A monopoly? Don't tell that to the millions of Yahoo users, or the huge percentage of people who still use MS Office. They have a long ways to go before that happens. And Microsoft in hardly in a position to complain!
Posted by Farokh | January 25, 2009 10:20 AM
No one much seems to notice that any entity that effectively captures, integrates, and tracks the presence and points of view of such a large number and growing percentage of people, and in a growing diversity of ways, on a national, regional, or global basis, is not so much a market monopolist as an Intelligence Agency.
Google has become an intelligence agency.

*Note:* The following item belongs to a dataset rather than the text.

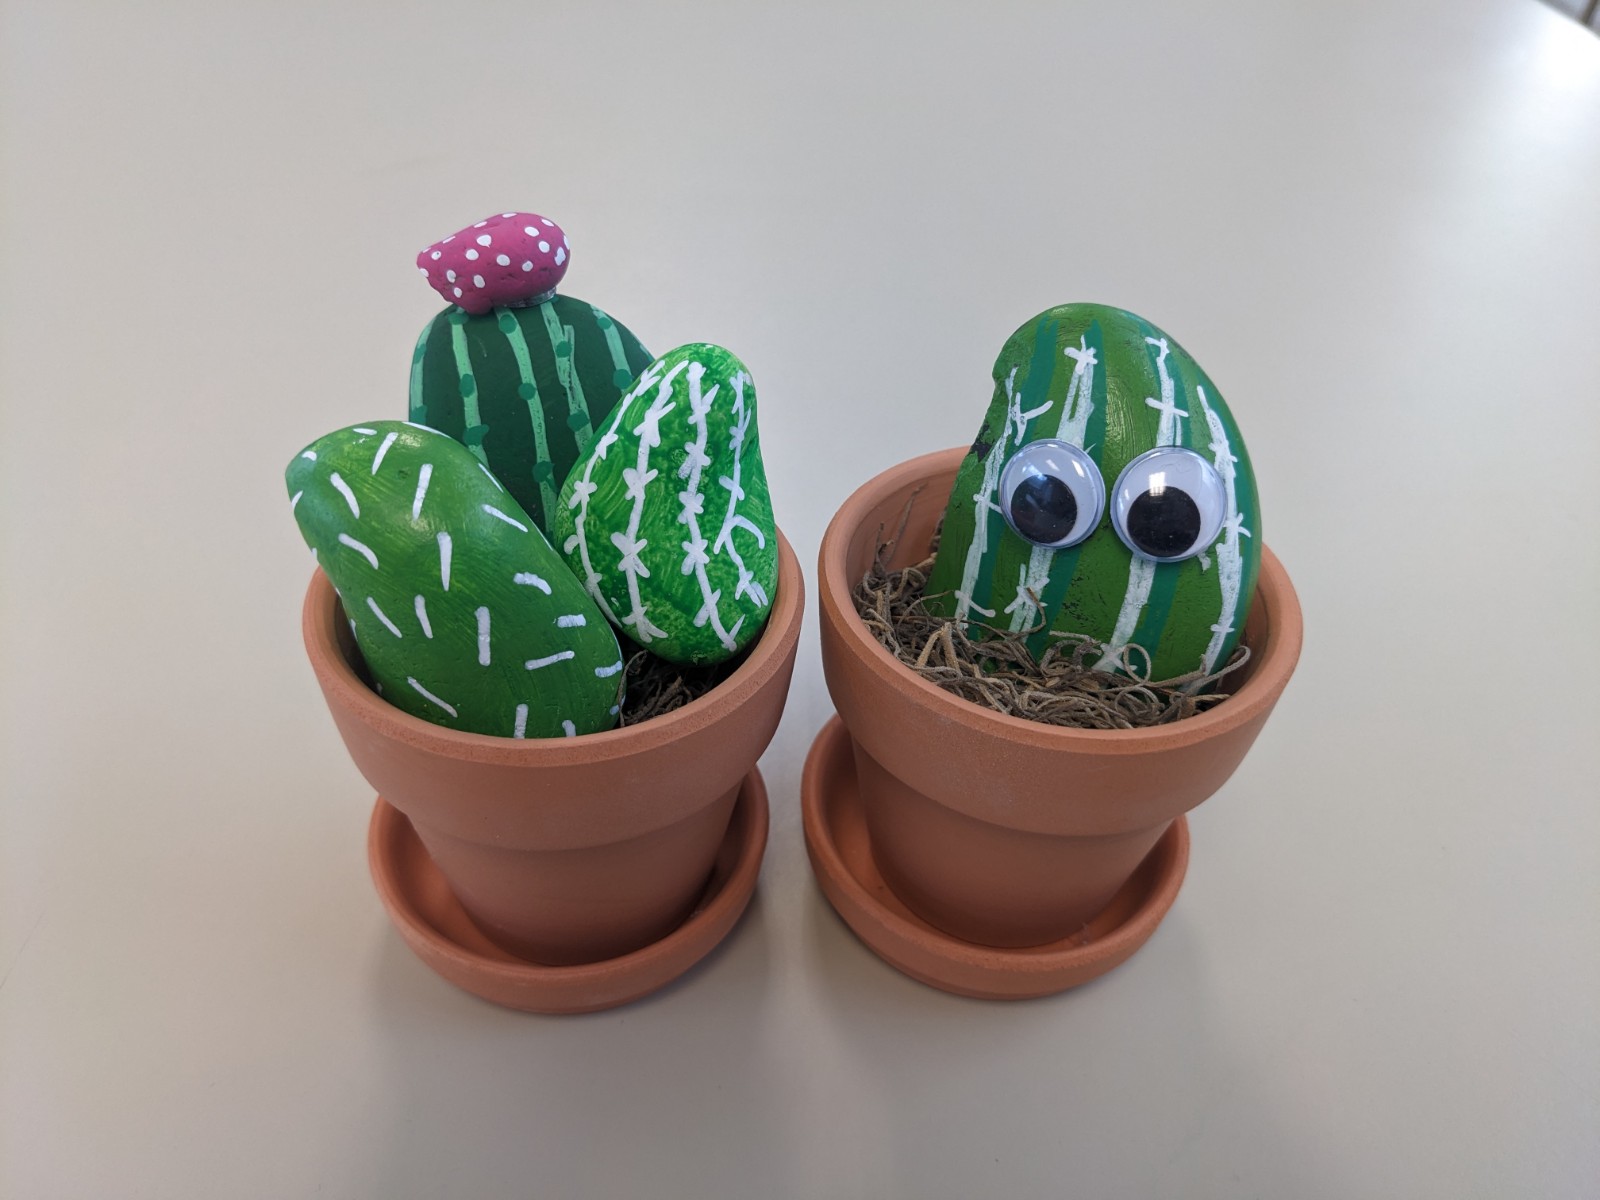 one clay pot with 3 painted rocks to look like cactus and a second pot with a cactus with googly eyes

To wit, anytime any SINGLE and (necessarily) methods-secretive, poor/no customer service body notes and tracks your online/offline personal presence as can be directly and indirectly determined through a combination of the following, then it's an intelligence agency in function - whatever else it professes to be in image and practice:
- Real-time satellite tracking (Google Earth - get the commercial version!); GPS and mapping (Google Maps, and Google Mobile); attention/search information (Google Advertising); e-mail (Google Mail); documents (Google Docs, Google Financials); voice calls, records and message transcripts (Google Voice); Google SMS; browser info (Google Chrome) - as well as search from all browsers; online personal/business applications (Google Apps); some of what you watch (YouTube); and the coming tsunami of collaboration and communication data [from Google Wave]), to name but a few,
Through legal means in the US, such as CALEA, the Patriot Act, DHS, NSA, and many others with serious and secretive wire-tapping powers (can I have your brain please?), what Google knows, or is instructed to know, so can, do, and does intelligence and other agencies of the US Federal Government.

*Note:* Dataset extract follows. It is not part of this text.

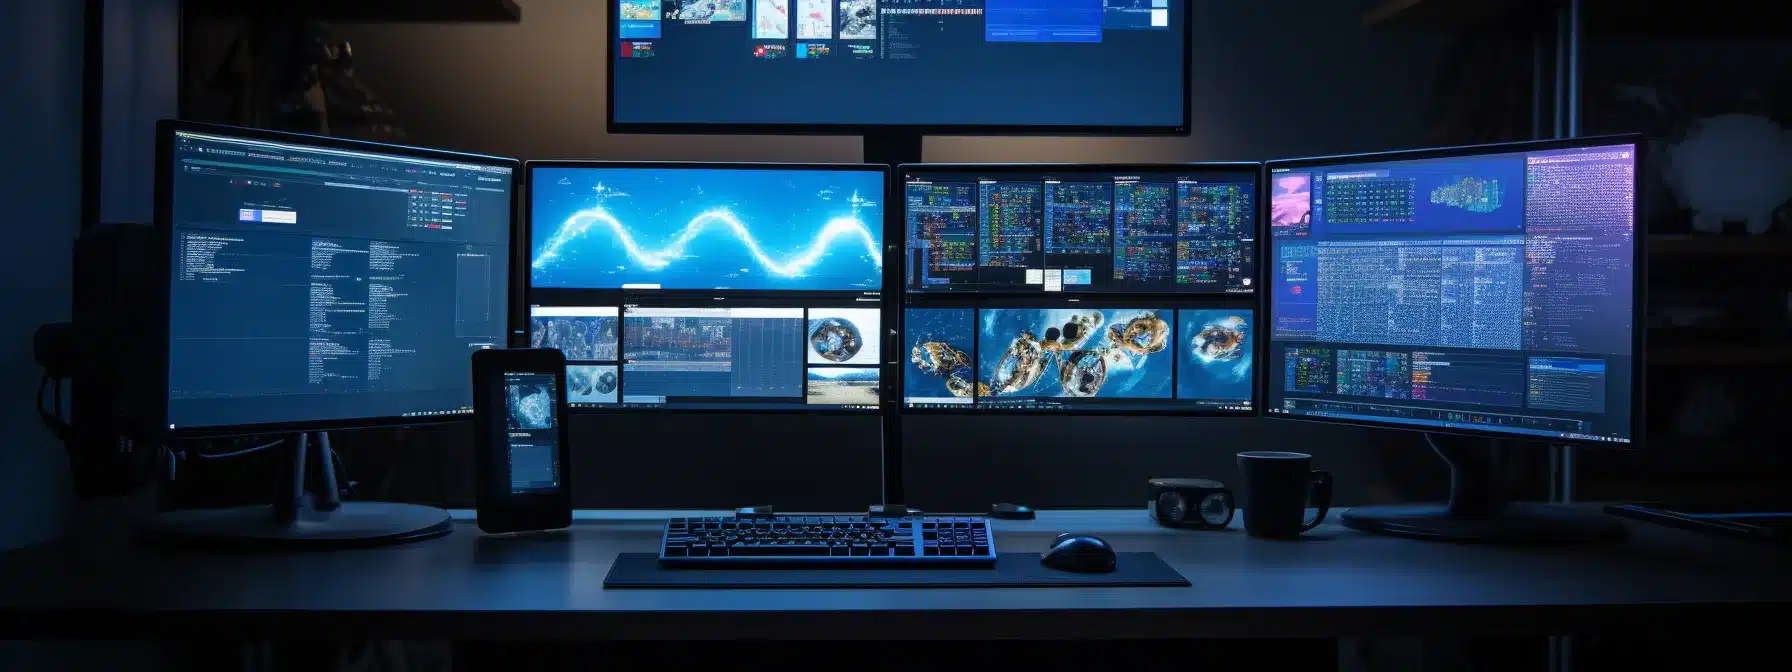 A Person At A Computer Desk Surrounded By Various Screens Displaying Social Media Profiles And Analytics.

CALEA, for example (The Communications Assistance for Law Enforcement Act) is a United States wiretapping law passed in 1994, during the presidency of Bill Clinton (Pub. L. No. 103-414, 108 Stat. 4279, codified at 47 USC 1001-1010). In its own words, the purpose of CALEA is: "To amend title 18, United States Code, to make clear a telecommunications carrier's duty to cooperate in the interception of communications for Law Enforcement purposes, and for other purposes." Google, though young, with its huge and growing global data centers, extensive dark fibre networks, public trust, and other growing telecoms assets, is a serious addition to US intelligence resources.
CALEA's purpose is to enhance the ability of law enforcement and intelligence agencies to conduct electronic surveillance by requiring that telecommunications carriers and manufacturers of telecommunications equipment (emphasis added) MODIFY AND DESIGN their equipment, facilities, and services to ensure that they have built-in surveillance capabilities, allowing federal agencies to monitor all telephone, broadband internet, and VoIP traffic in real-time.
Some claim the banks are "too big to fail" - I say Google's grown "bigger" than a monopolist - it's now so data rich - especially with continuing acquisitions like DoubleClick - it's too big and present in so many American and other lives for US intelligence and other agencies to let it roam unhampered and unobserved 'off the reservation'.
"Do No Evil" may have been an honest starting sentiment with Google's founders, but billions of globe-straddling dollars later, and with governments from the US, China, Israel, India, the EU and many, many others taking an increasingly active interest in what Google knows and can know, "Do Know Evil" shows no signs of NOT becoming "Dark Eclipse".